If a family or shop owner only wants to have a bathroom painted, then it might seem like the perfect project for doing it yourself. The only problem is that there are many tight angles in a bathroom, and painting around them can be a challenge. There are also a lot of slick surfaces that can be both an obstacle and a target for stray drops of paint. Getting it done right requires planning and expert attention to detail.
A professional bathroom painter such as those available from Painter Pros can get the job done with an appreciation for the unique requirements of a bathroom. They know that sinks and tile and mirrors are no place for paint splatter and are careful to leave caulking open to breathe.
A professional painter likely studied the details of how a bathroom is put together and knows where all the critical points tend to be. Certain surfaces bind to paint easier to others, and a paint job has to be resilient to saturated moisture. There are also special points such as the fact that certain types of wood are better with stain than with paint, and calked surfaces do not need to be painted over.

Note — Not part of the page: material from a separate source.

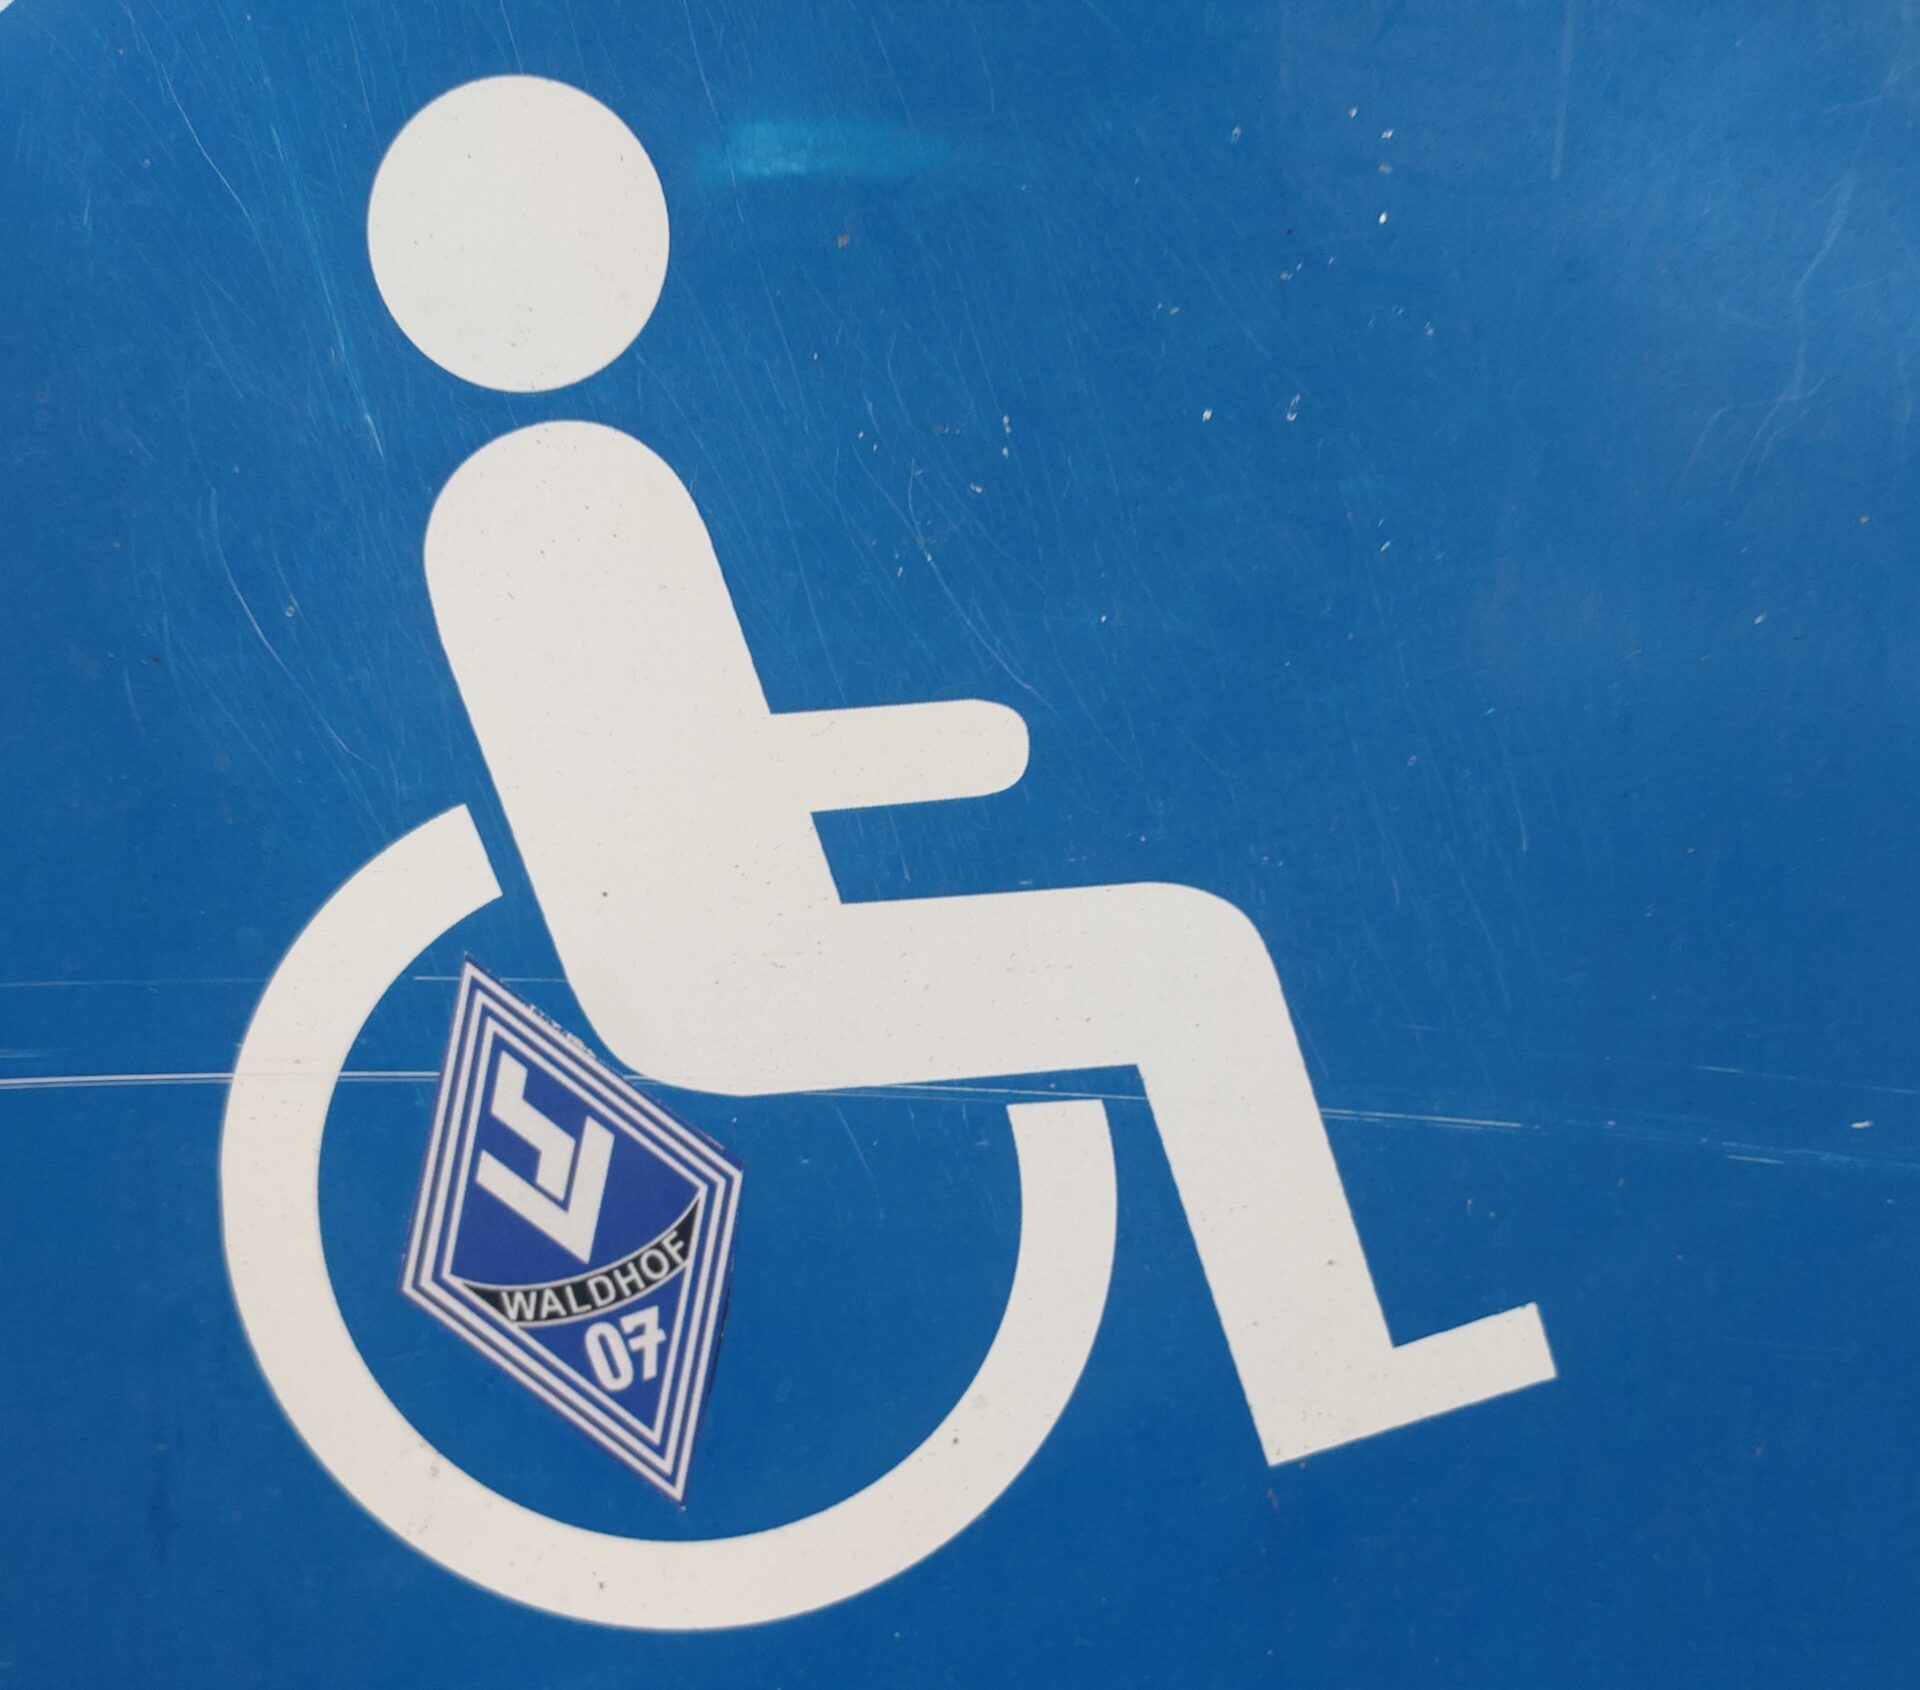 Stadion für alle! - Zum Aktionstag für Menschen mit Behinderung im CBS

They say that the devil is in the details, and this is very true of bathrooms. With several appliances that depend on piped water, bathrooms are best designed and maintained by plumbers, and professional painters should be able to appreciate the challenges faced by plumbers. The paint job should leave ceramic cracks such as calked surfaces visible for future workers.
Years of experience from a professional bathroom painter or house painter also provides insight into what works in the long run. Bathrooms are places where moisture saturates and gets under the paint and into the drywall. There is the real potential for flaking, bacterial growth, and drywall damage. The paint used should be completely nontoxic and yet not able to support any form of growth.

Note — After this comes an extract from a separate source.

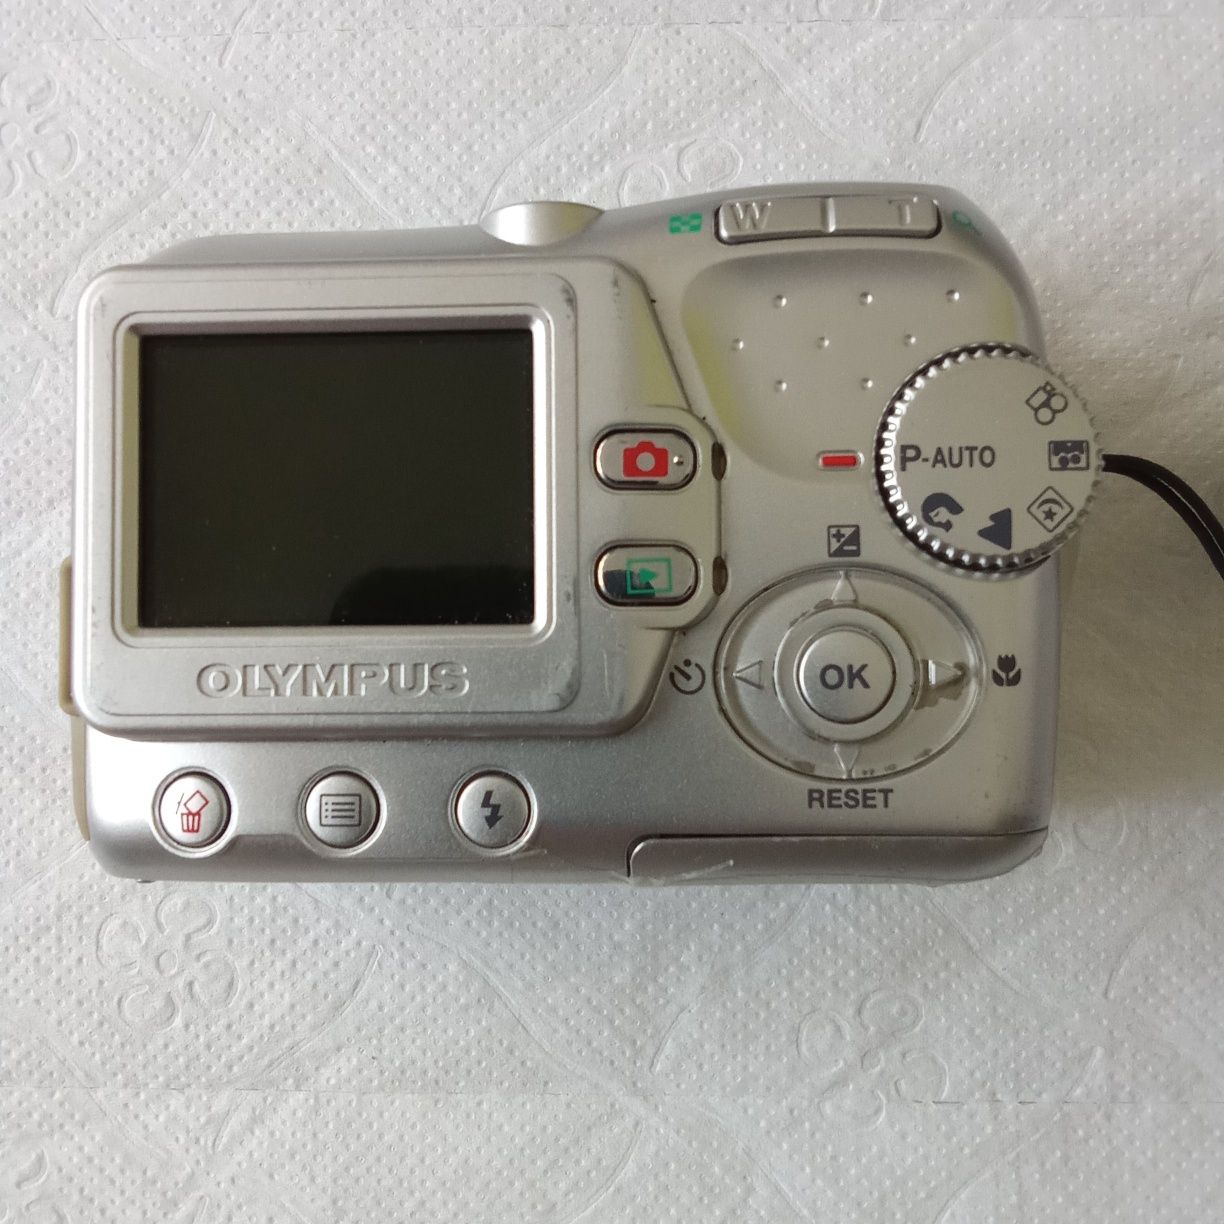 Фотоаппарат OLYMPUS C-370 ZOOM  3.2 Megapixel

Durable paint such as polymer should be able to withstand daily hot showers without being damaged by the repeated exposure to heat and water. It should go a long time without flaking, should be able to protect the underlying drywall, and should not be harmful to humans whenever the paint job does become an issue a decade or more into the future.
All safety aside, there are also considerations such as personal taste. The homeowner tends to ignore the floor, but a visitor will quickly notice any contrast between the paint and the floor tile and any other bathroom colors. As an example, a white bathtub and sink counter match each other, and a light color such as blue or a very faint yellow might match the white.
Bathrooms tend to be very well lit. If there are plenty of bulbs above the mirror, then it might be possible to get away with dark wall paint. On the flip side, light paint helps to rebound light into all corners. If the shower is far from the light source, then playing with mirrors and bright paint can help to provide the needed illumination.